Not much on that list really, come New Years Eve, I may have to make a resolution to find a new hobby!


----------



## srothfuss (Nov 17, 2006)

Ah, I just sold mine this past August as well...


----------



## fitz-uk (Apr 28, 2006)

man that looks clean


----------



## srothfuss (Nov 17, 2006)

Thanks. It is (was) a 1989. When I sold it, the car was all factory original minus the air filter and oil filter. Boy was that an absolute riot to drive in the summers. 
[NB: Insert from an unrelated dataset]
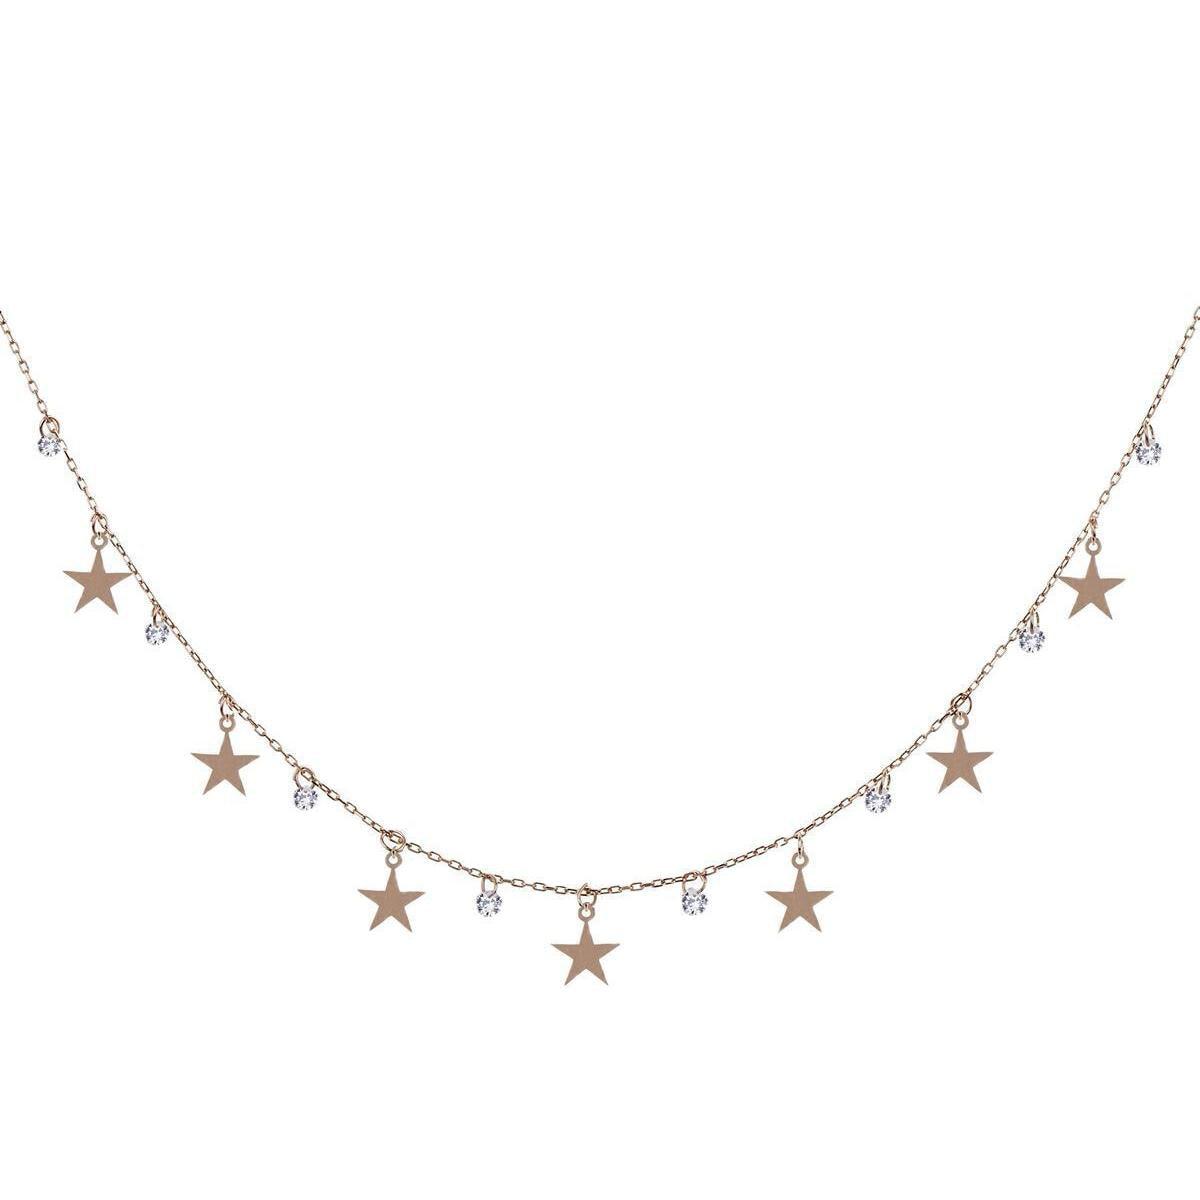 Diamond Star Satellite Chain Necklace • Diamond Star Necklace - Trending Silver Gifts

Yours looked very good (clean) as well.


----------



## Da Blade (Nov 11, 2006)

Now this baby has a loud pedal !!!


----------



## Da Blade (Nov 11, 2006)

Ooops....heres my baby....forgot to post the pic


----------



## srothfuss (Nov 17, 2006)

Yup, that looks like about 5 seconds (or 6?) of shear terror!


----------



## Da Blade (Nov 11, 2006)

Actually, the best was a 5.29 ..... It was not a fun ride ever, it was more violent than enjoyable


----------



## Fourputt (Nov 18, 2006)

I'm an avid scuba diver when I can afford the time and cost to get away from Colorado (my wife and I own property in the Bahamas, where we plan to start building our winter home in the next couple of years). I used to be a whitewater kayaker until moderate back problems forced me to find a more lumbar friendly pasttime. I'm also an avid computer golfer, I regularly play online with several guys from the US, Europe, and Australia.


----------



## Pro_Wanna_Be (Nov 25, 2006)

I like to Hunt and ride all terrain vechiles (ATV's). I also play tiger woods golf alot.


----------